Sunday, October 13, 2013

Day 106 - Anxiety around new people and self-sabotage at school work

I forgive myself that I have not accepted and allowed myself to relax and be comfortable around new people I meet.

I forgive myself that I accepted and allowed myself to be anxious around new people. When and as I see myself being anxious around new people - I stop and breathe. I realize that this is a pattern where my mind tries to direct me through definitions, belief and reactions that I created and that I simply have to direct myself in that moment and not allow the mind to interfere. Therefore I commit myself to no more accept and allow myself to be distracted with thoughts and reactions when I am around new people, instead I realize that I am equal to other people and that there are no real strangers because we are all the same as Life and I direct myself in breath to be relaxed and treat others as I would like to be.




I forgive myself that I accepted and allowed myself to sabotage myself when doing school work by allowing myself to have thoughts of resistance and worry. When and as I see myself having thoughts of resistance and worry about school work - I stop and breathe. I commit myself to not accept and allow myself to go into resistance and worry, instead I take a breath to stop all thoughts and direct myself to do the work and I do not accept and allow any self-sabotage through thoughts, emotions, excuses.

Saturday, October 12, 2013

Day 105 - Judging my speaking

I forgive myself that I accepted and allowed myself to judge the words I speak, the ideas I speak, the thoughts I speak before I even spoke them and when I am speaking in front of other people.

I forgive myself that I have not accepted and allowed myself to let go of the fear that what I speak will not be coherent, understandable, logical and sensible.

I forgive myself that I have not accepted and myself to let go of the fear that I will be disliked, proven wrong or laughed at when I speak in front of others.

I forgive myself that I accepted and allowed myself to fear that my father will not agree with what I am saying and to feel inferior when he or someone does not agree with what I am saying.

I forgive myself that I accepted and allowed myself to go into fear of rejection and inferiority when someone does not agree with me.

I forgive myself that I accepted and allowed myself to judge others who I don't agree with as inferior, wrong and stupid and to judge me in the same way. I realize that being wrong or not being agreed with by others is nothing 'bad' and is not shameful because no one knows everything and all people make mistakes and have wrong perceptions. I commit myself to not accept and allow myself to fear that may be wrong and that others will not agree with me. I commit myself to not judge myself as inferior, stupid and to not go into shame and fear of rejection/ridicule when others don't agree with me or when I am proven wrong. Instead I breathe and take the opportunity to learn something new.

I forgive myself that I accepted and allowed myself to perceive the act of someone not agreeing with me as dangerous for the status of my relationship and reputation.

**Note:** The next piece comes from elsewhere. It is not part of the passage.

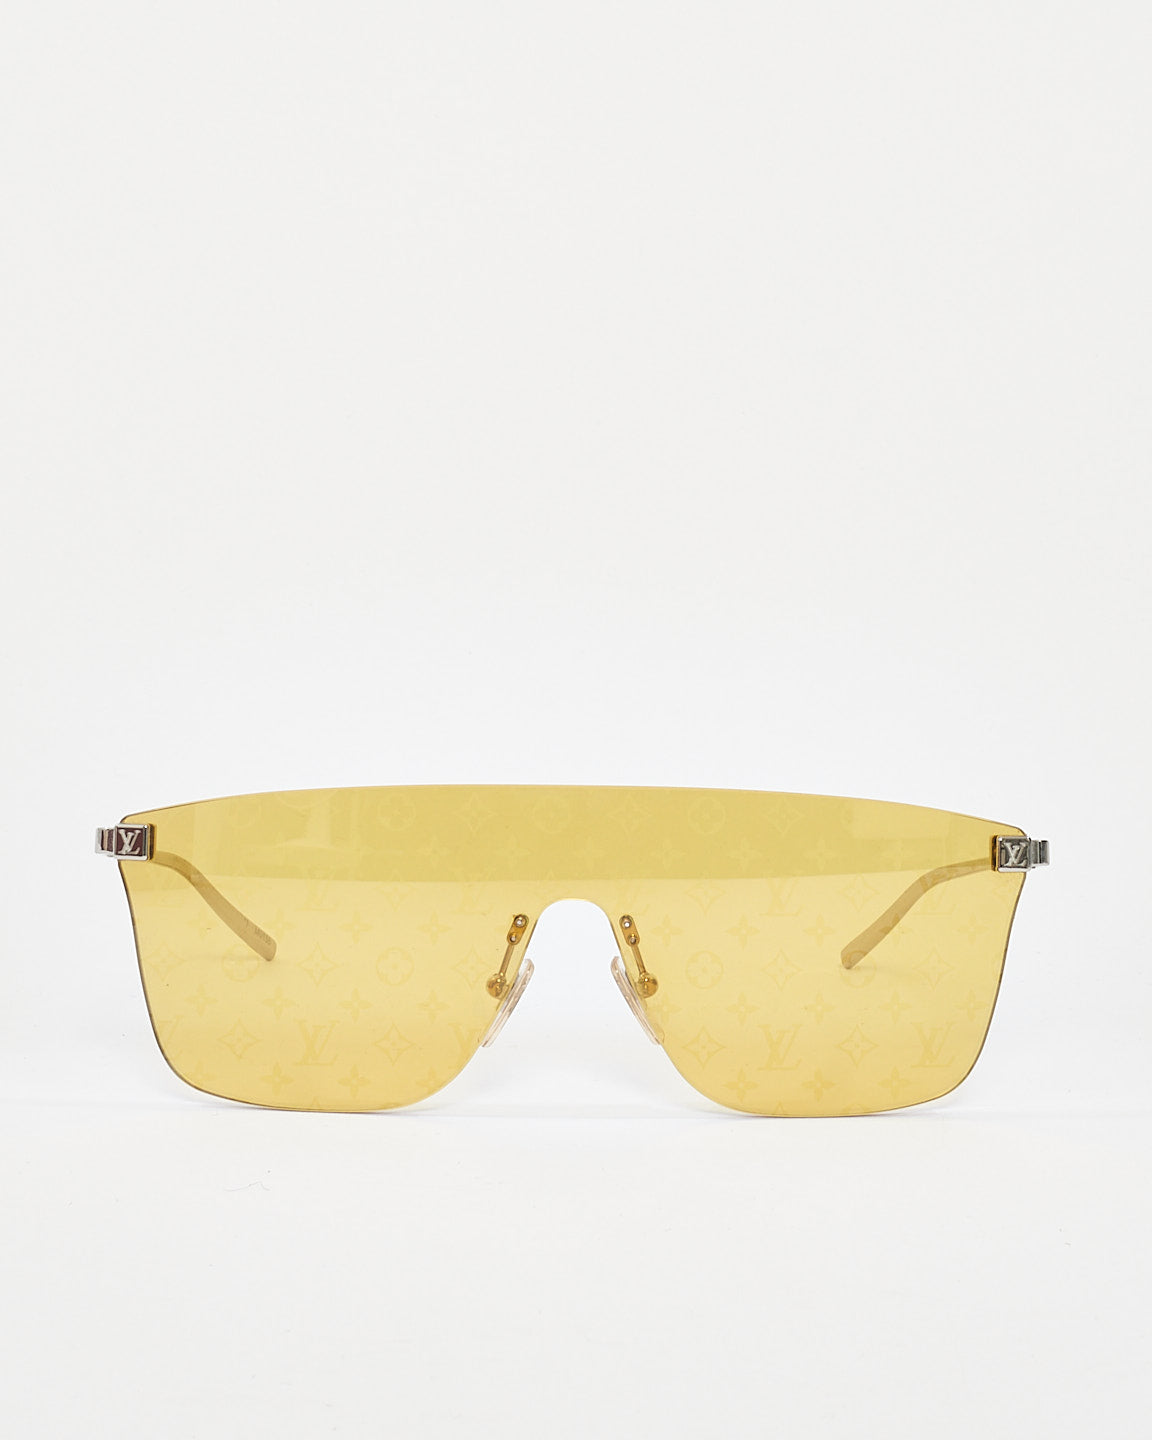 Lunettes de soleil Louis Vuitton Monogram Showdown Shield jaunes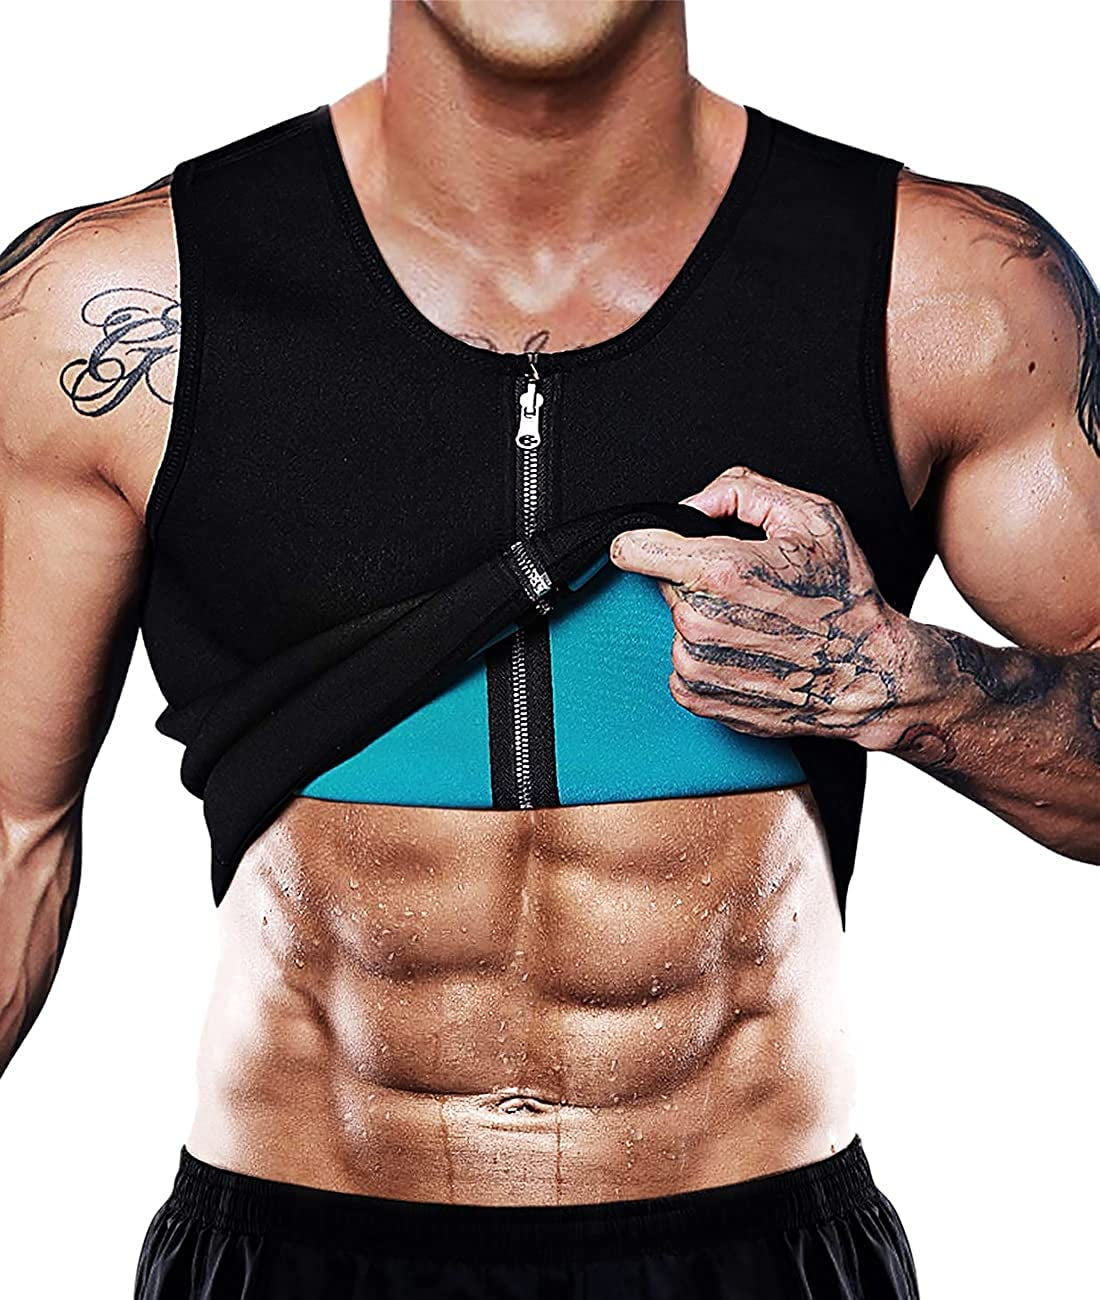 Men's Sauna Vest: Heat-Inducing Waist Trainer Corset - Neoprene Tank Top for Shapewear, Slimming & Workout

I forgive myself that I accepted and allowed myself to wish/want/desire to be reputable among other people and to within this worry about/fear their opinions, observations. I realize and understand that as long as I will desire to have a 'good reputation' among others, to be liked by all and to have agreeing relationships with others, so long I will be afraid of rejection and disagreement. Therefore I commit myself to no more accept and allow myself to wish/want/desire to have a 'good reputation' among others and to have agreeing relationships with others. I commit myself to no more accept and allow myself to fear that others will not agree with me.

I realize and understand that only I can stop judging and comparing myself through inferiority/superiority and that I am always equal to all as Life and so it is useless to judge myself and feel inferior if others don't agree with me.

I forgive myself that I accepted and allowed myself to feel ashamed and less than when someone doesn't agree with me or when someone says that I did not do something well enough or how it was expected. I commit myself to no more feel ashamed and inferior in such situations and I commit myself to not take them personally. Instead I move myself in the breath and take the opportunity to learn something new and make myself better.